Support is generally the greatest cost for software. You always have to look at your product through your customers eyes to make it as simple and intuitive as possible. Years ago, the tax season I worked for Intuit in Tucson (and the best Christmas party I've ever experienced working for any company; I was too late for the years when they used to roll kegs of beer through the support department about the time Microsoft wanted to buy them and the Justice department said no) they talked about turning support into a profit center, but never quite got there (at least that year.) While I was answering the phones to answer questions about Quickbooks it always amused me that the owner or their accountant wanted to know things like 'what' rather than 'how' to set up their chart of accounts for example. I was being paid to tell them how. Their accountant was suppose to be telling them what.
Then I worked for about a decade writing software for a mom and pop outfit. When they moved their company from California to Washington state they lost most of their programmers in the move, but I went (on the promise of a huge raise they reneged on after I made the move.) They used to call my code bulletproof. But even then we had a lot of support issues regarding a desire for new features all the time. I'd sometimes talk to customers when the support people were at capacity. In talking with customers, I'd almost always come up with new features that the salespeople would then use as a lead in getting more sales. You learn a lot from talking with customers and being a customer yourself. Experience counts.
During those years I was very productive because my tools were of a professional level. They faded into the background. I didn't have to concentrate on the tools, just on the job I was doing with them. Which made my productivity very high. Statistics from our source control software indicated I was doing more work than four other programmers we had one year.

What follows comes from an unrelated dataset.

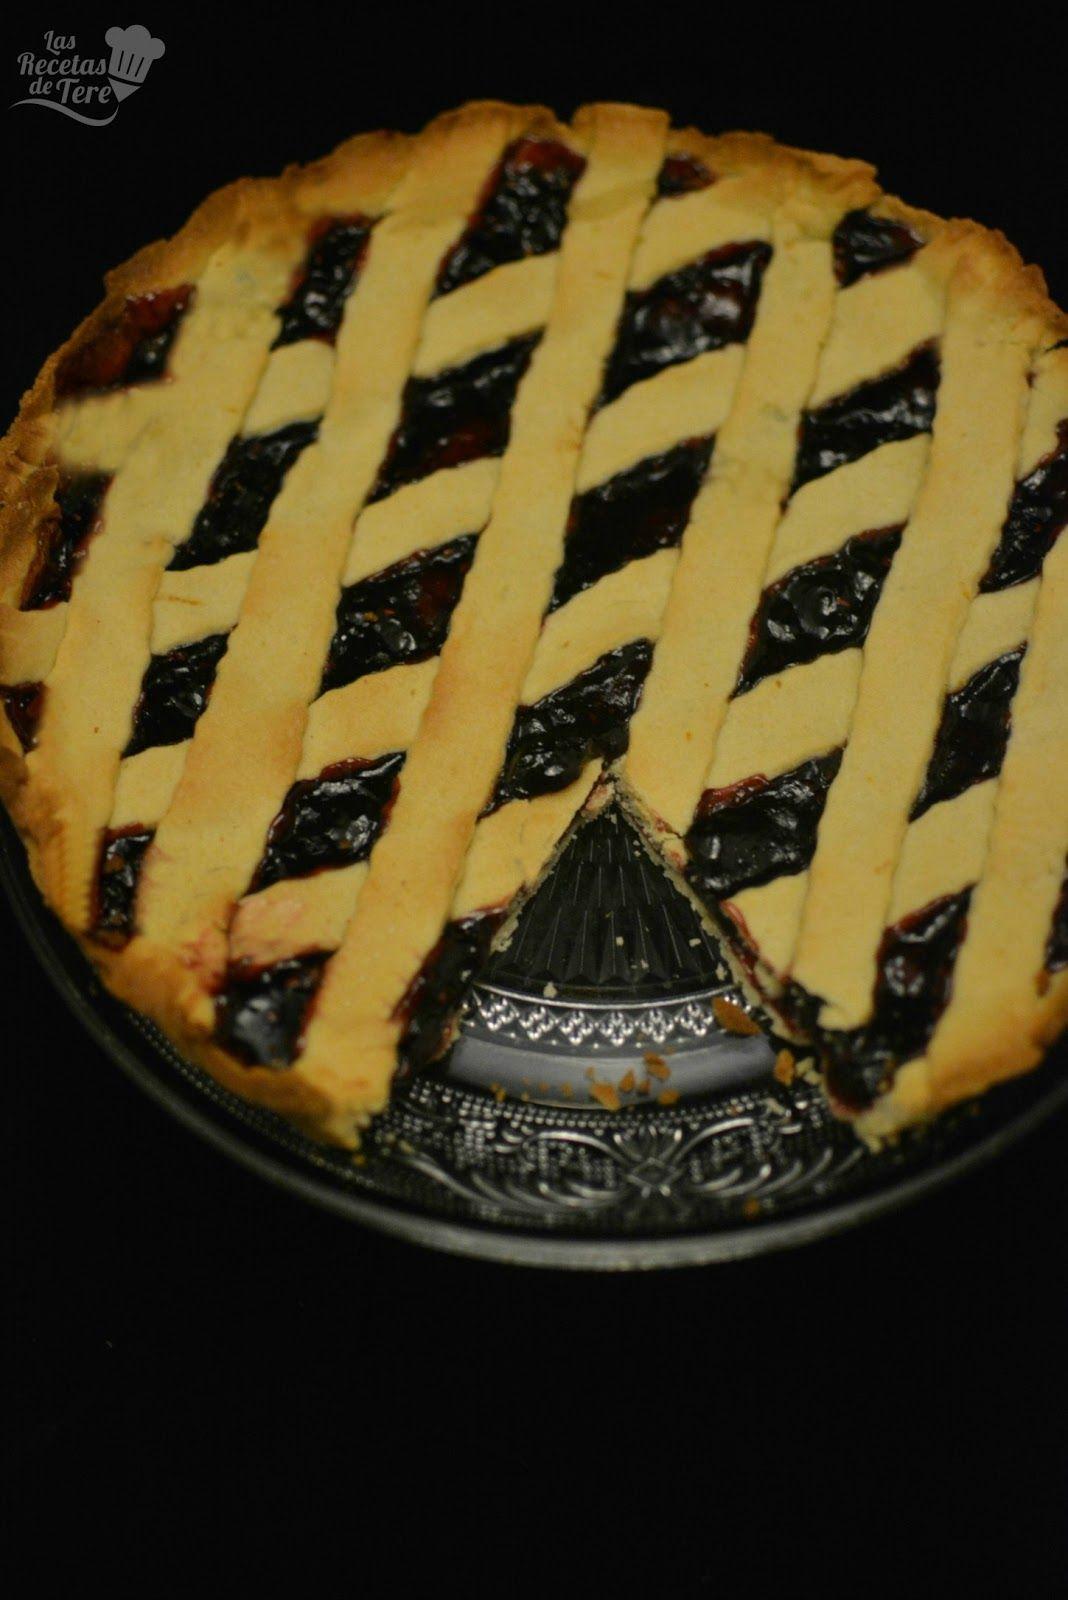 crostata de mermelada tererecetas las recetas de tere 02

I also helped friends literally become millionaires in their software businesses and this poor boy would like to do some of that for himself. So I need tools. Surely they've improved in the last decade right? Here's how one compiler describes itself:
- Huge set of internal commands (1100+)
- No external DLLs, runtime interpreter or anything else required when creating executables
- Procedure support for structured programming with local and global variables
- Access to full OS API for advanced programmers
- Optimal use of the available hardware by using highly optimized (assembly) commands
- Source code is portable: Windows, MacOS X and Linux
- Dedicated editor and development environment
- Powerful integrated debugger and profiler to easily trace and analyze code
For some reason they don't include weird and buggy. Probably just an oversight. A compiler doesn't need 1100+ commands if they choose the right ones. This is not a plus in my mind. I don't know about their structured programming claim. I expect they didn't get scope rules right given what I've discovered about other products. If you have access to memory (and how could you not?) you have access to assembly language, but I choose a language so I won't be coding in assembly. A profiler is nice, but I hardly ever use one because coding you should be able to tell when you've screwed up optimization. Visual Basic had a great debugger, but it's another thing I could live without.
Weird is a form designer that writes code for you but doesn't let you change it in any way. You have to copy the code into your own file to modify it. Buggy is having the thing crash when you scroll too fast down a list. But I don't care about any of that if I can end up with the results I want and it appears I will be able to. So I'm going to buy the damned compiler next month. From two guys in Europe that could be hit by a truck any given time. My first software boss in NYC used to always gleefully ask me, "but what if you get hit by a truck." I kind of miss that pain in the ass, Hank. I wonder if he's still alive?
The result I want is an executable with no dependencies. I'm going to release my first client software for Linux. This is likely to have much greater support issues than windows but for a much smaller customer base. I'm giving it away for free so that should help some. My income will come from an option of buying virtual money in the game. Yes, it's a game and a fairly simple one at that. My goal is several thousand players per server. Hosting on a server is dirt cheap. I can do testing on a shared server for as little as $5 a month. Then move up to a dedicated server for about $150 per month. Even in my worst scenario (80% to 90% choosing to always play for free) I should make more than I currently do. Gotta take a shot, right?
I know it will be fun to play since I've already put something out similar to it as a test that people seem to like. I've already written some code that allows a non artist like myself to have fun building components that are part of the game. I have 36 parts of the game to write and then I will be done. I should be able to finish that in less than a year. I've got nothing but time. It's not my only plan.
Update: One down, 35 to go. Everything else requires SQL which I'm thinking $60 a year to include support doesn't sound like a bad deal to me. Gotta start getting serious about finding a host.
Can you believe there's no provision for modal forms in the compiler I'm buying? I guess I'll just have to make do. I told ya, weird. My job is to use this weird tool and produce a product that isn't weird. If it was easy, everybody would be doing it.